Try it – Take the records below and set down exactly the lines from the one with "Κεραμική φρέζα νυχιων μπλε φλογα φ6.5mm" to the one with "Bastogne Visitor Guide", ends included; do not copy the pictures.

Data for analysis –
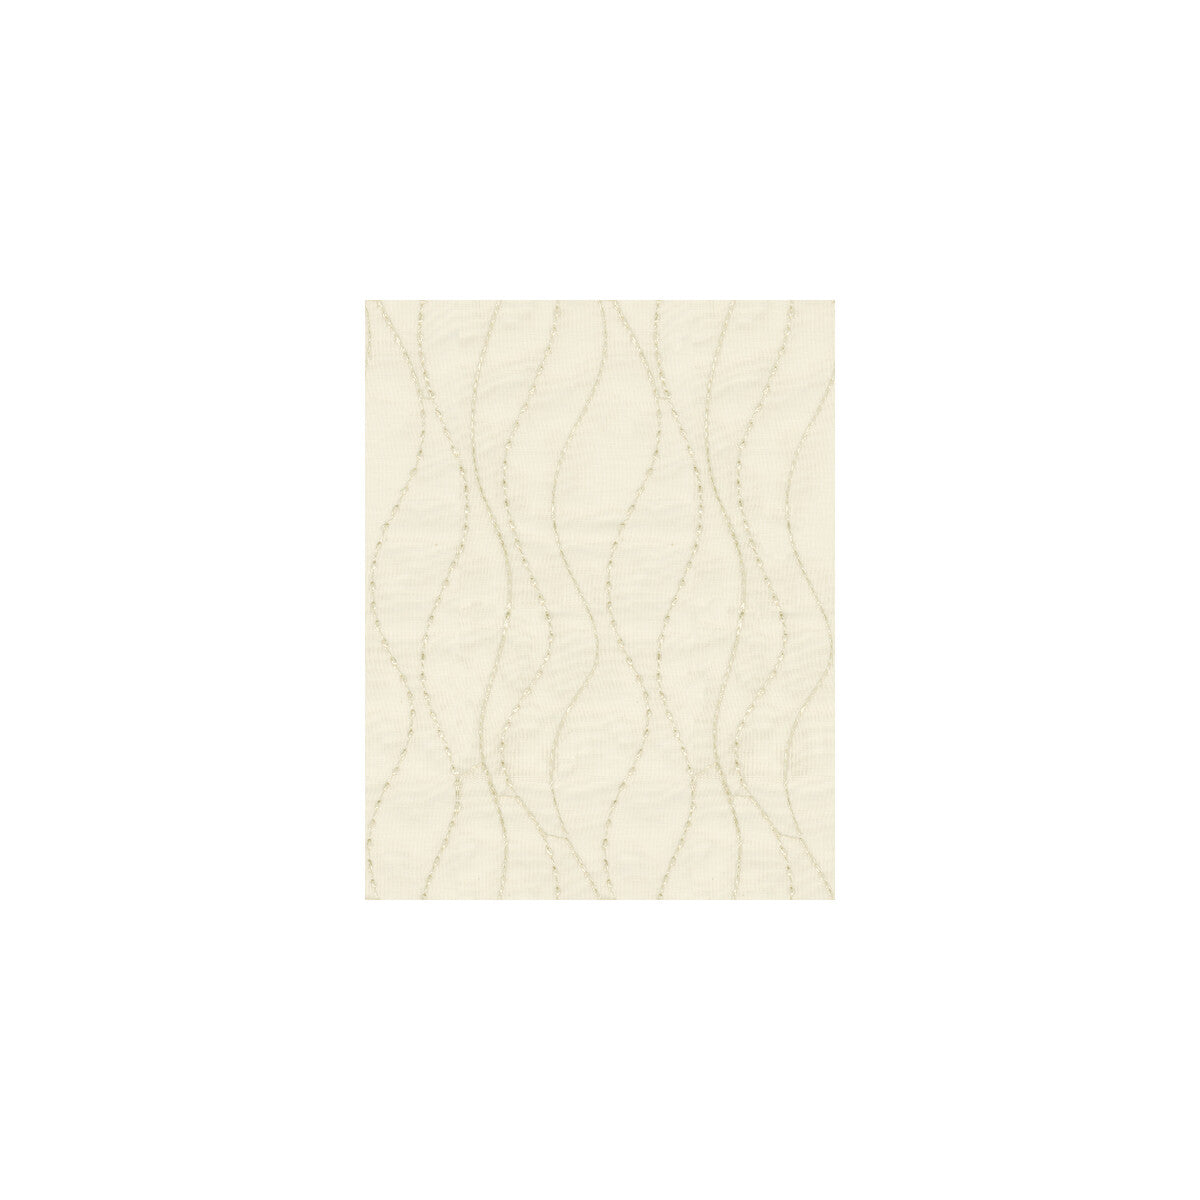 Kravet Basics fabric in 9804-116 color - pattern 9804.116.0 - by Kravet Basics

---

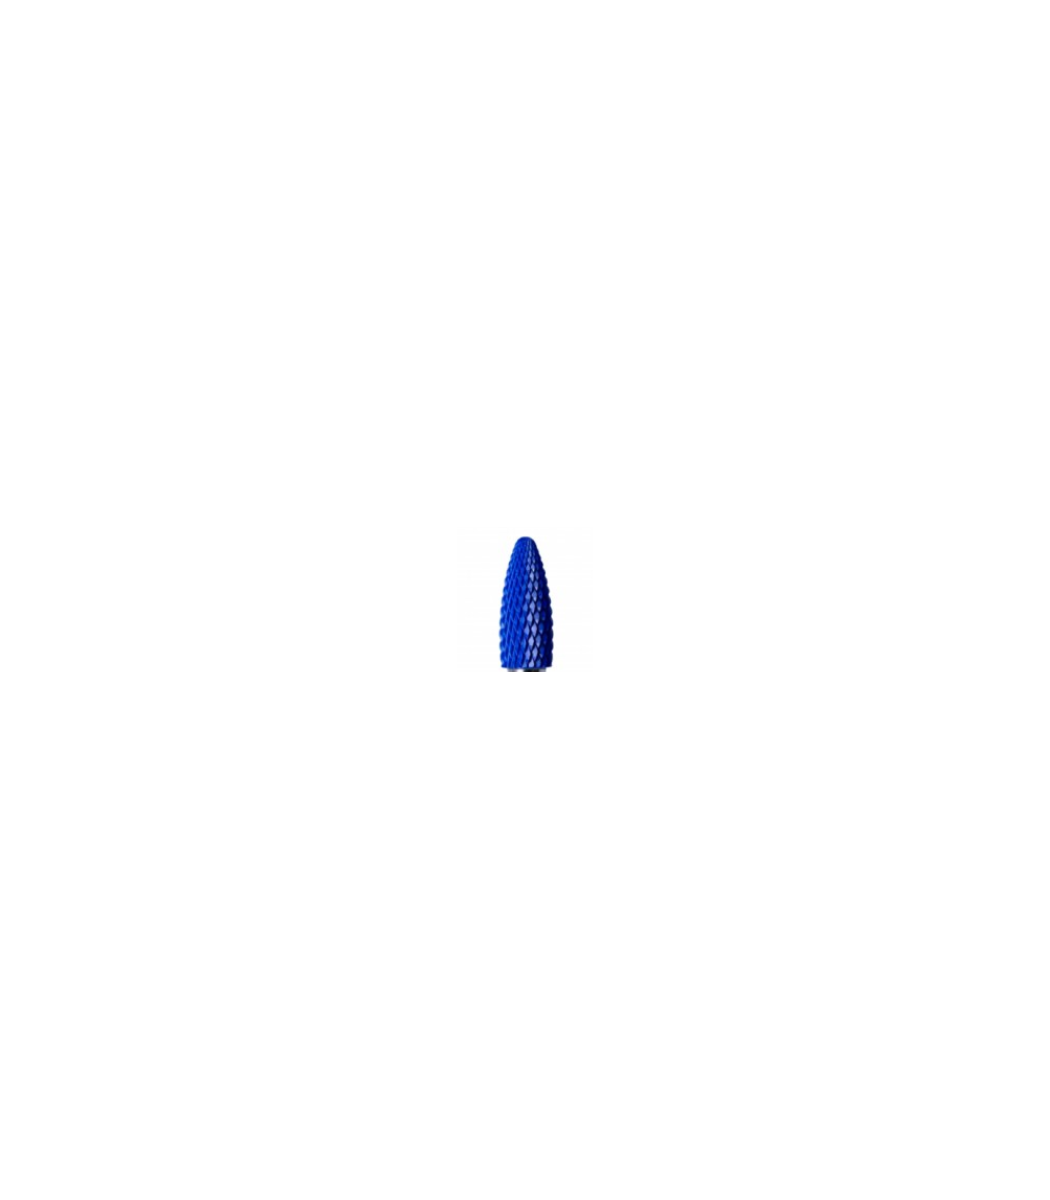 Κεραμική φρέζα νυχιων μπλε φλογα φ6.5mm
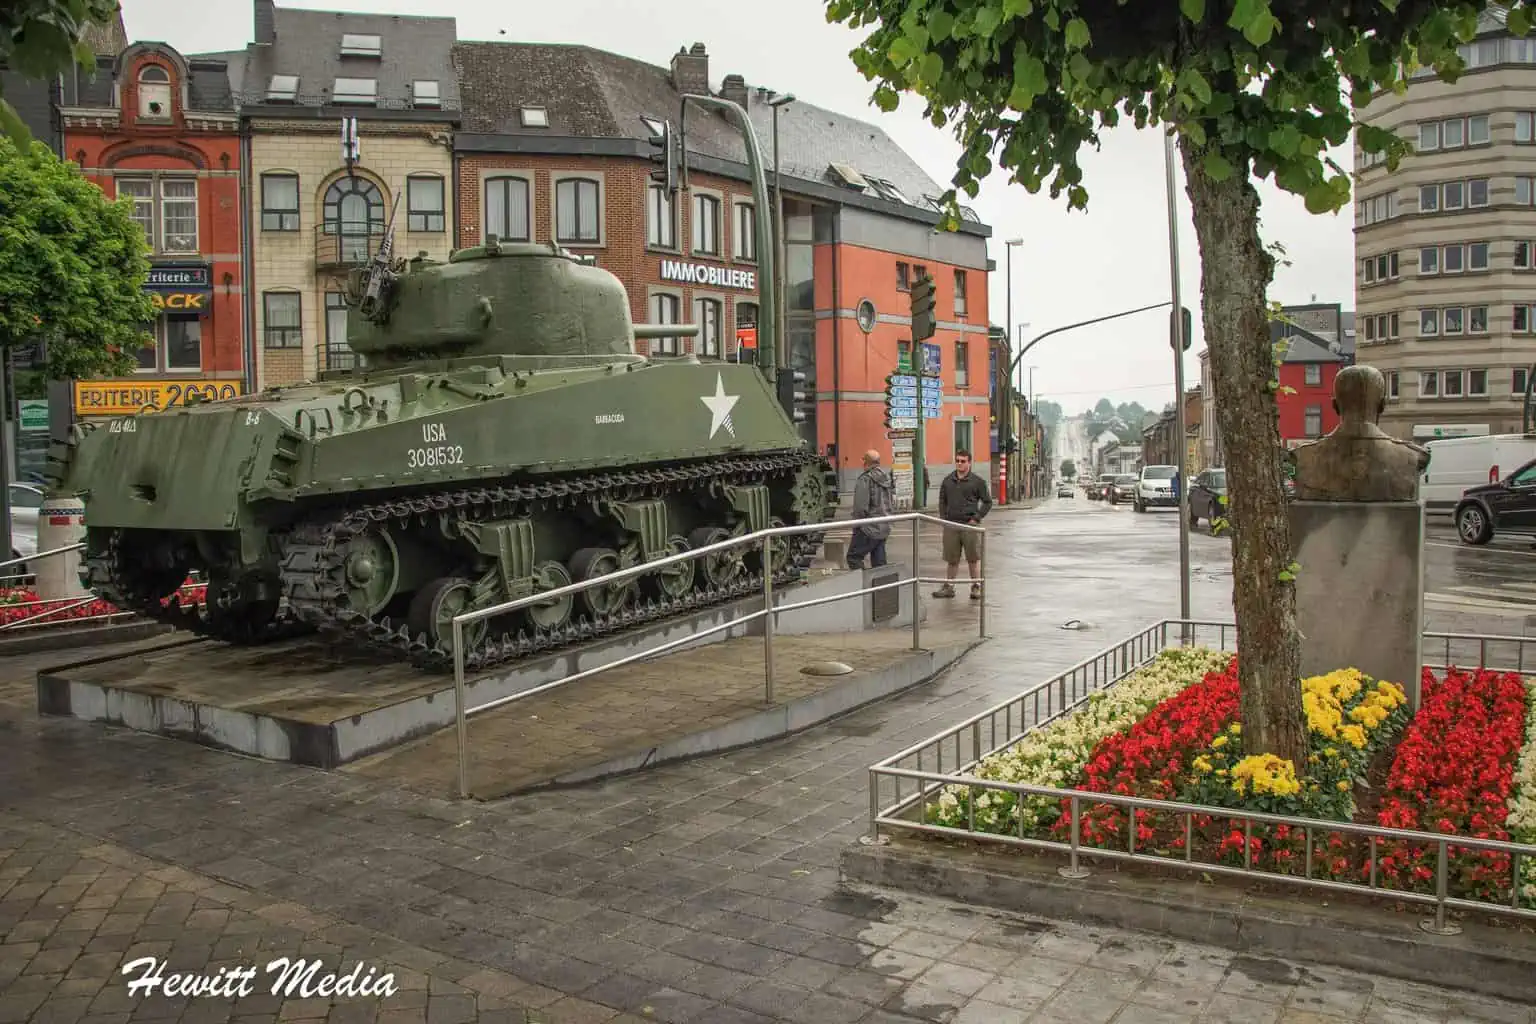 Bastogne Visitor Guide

==

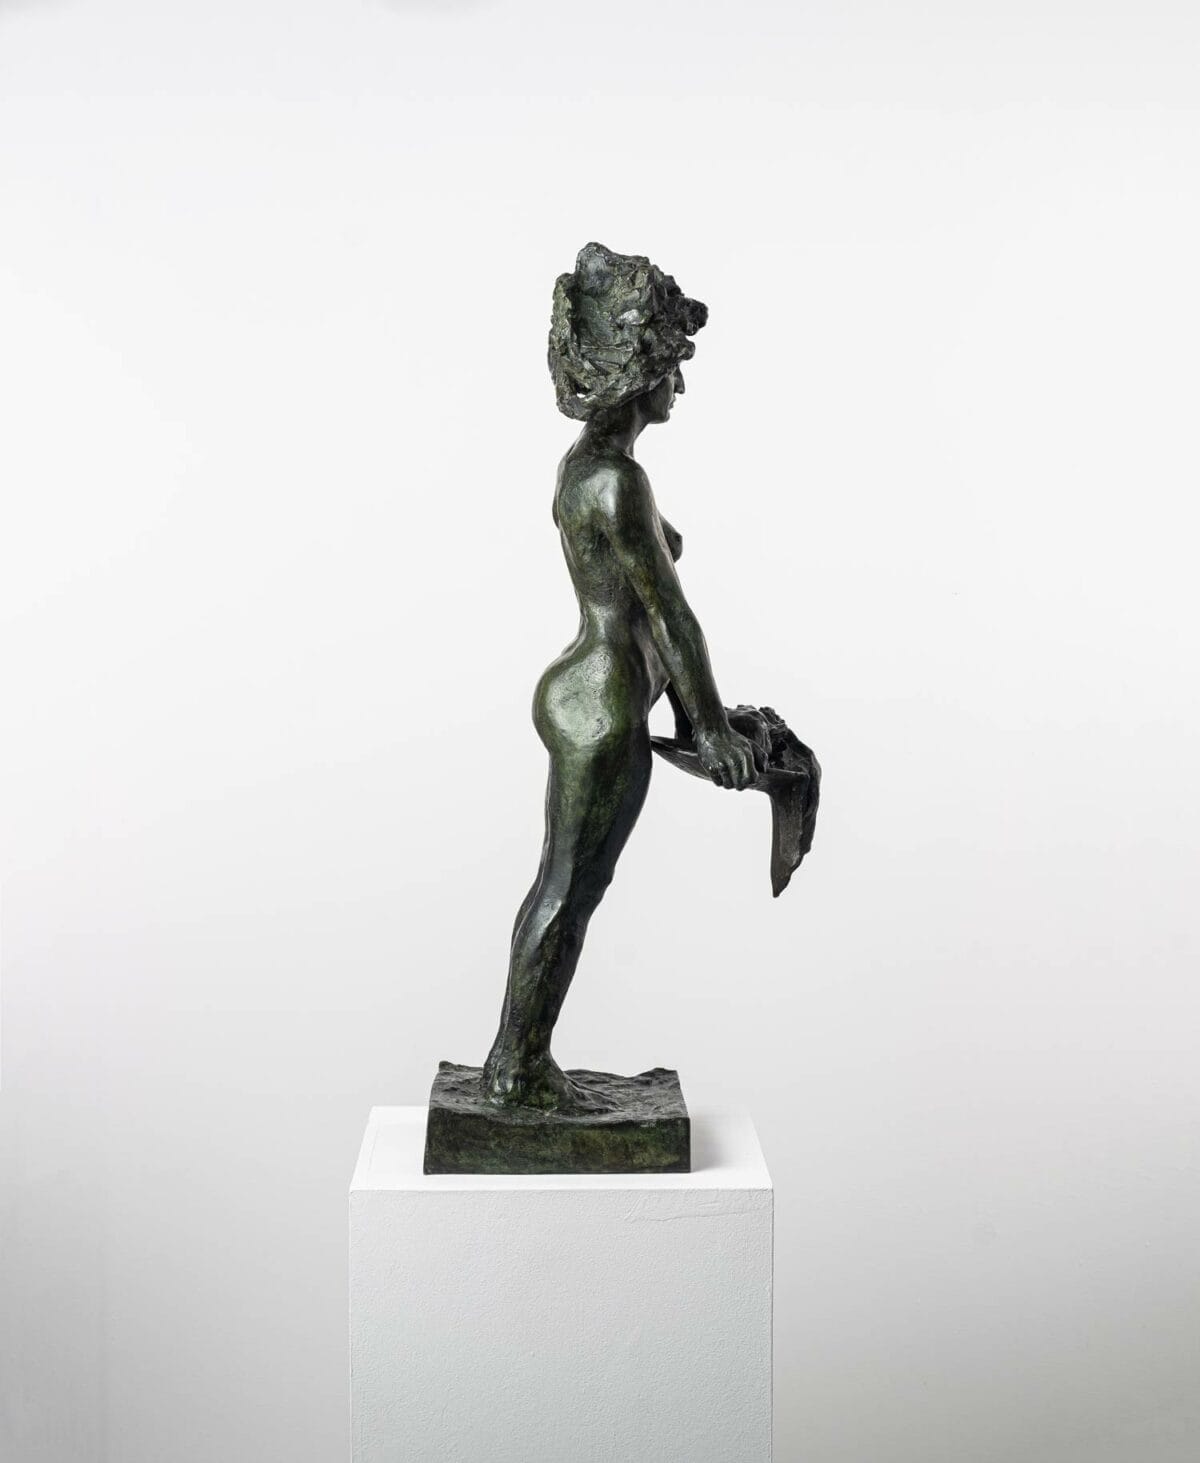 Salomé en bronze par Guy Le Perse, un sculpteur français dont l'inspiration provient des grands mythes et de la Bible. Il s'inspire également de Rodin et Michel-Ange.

Solution –
 Κεραμική φρέζα νυχιων μπλε φλογα φ6.5mm
 Bastogne Visitor Guide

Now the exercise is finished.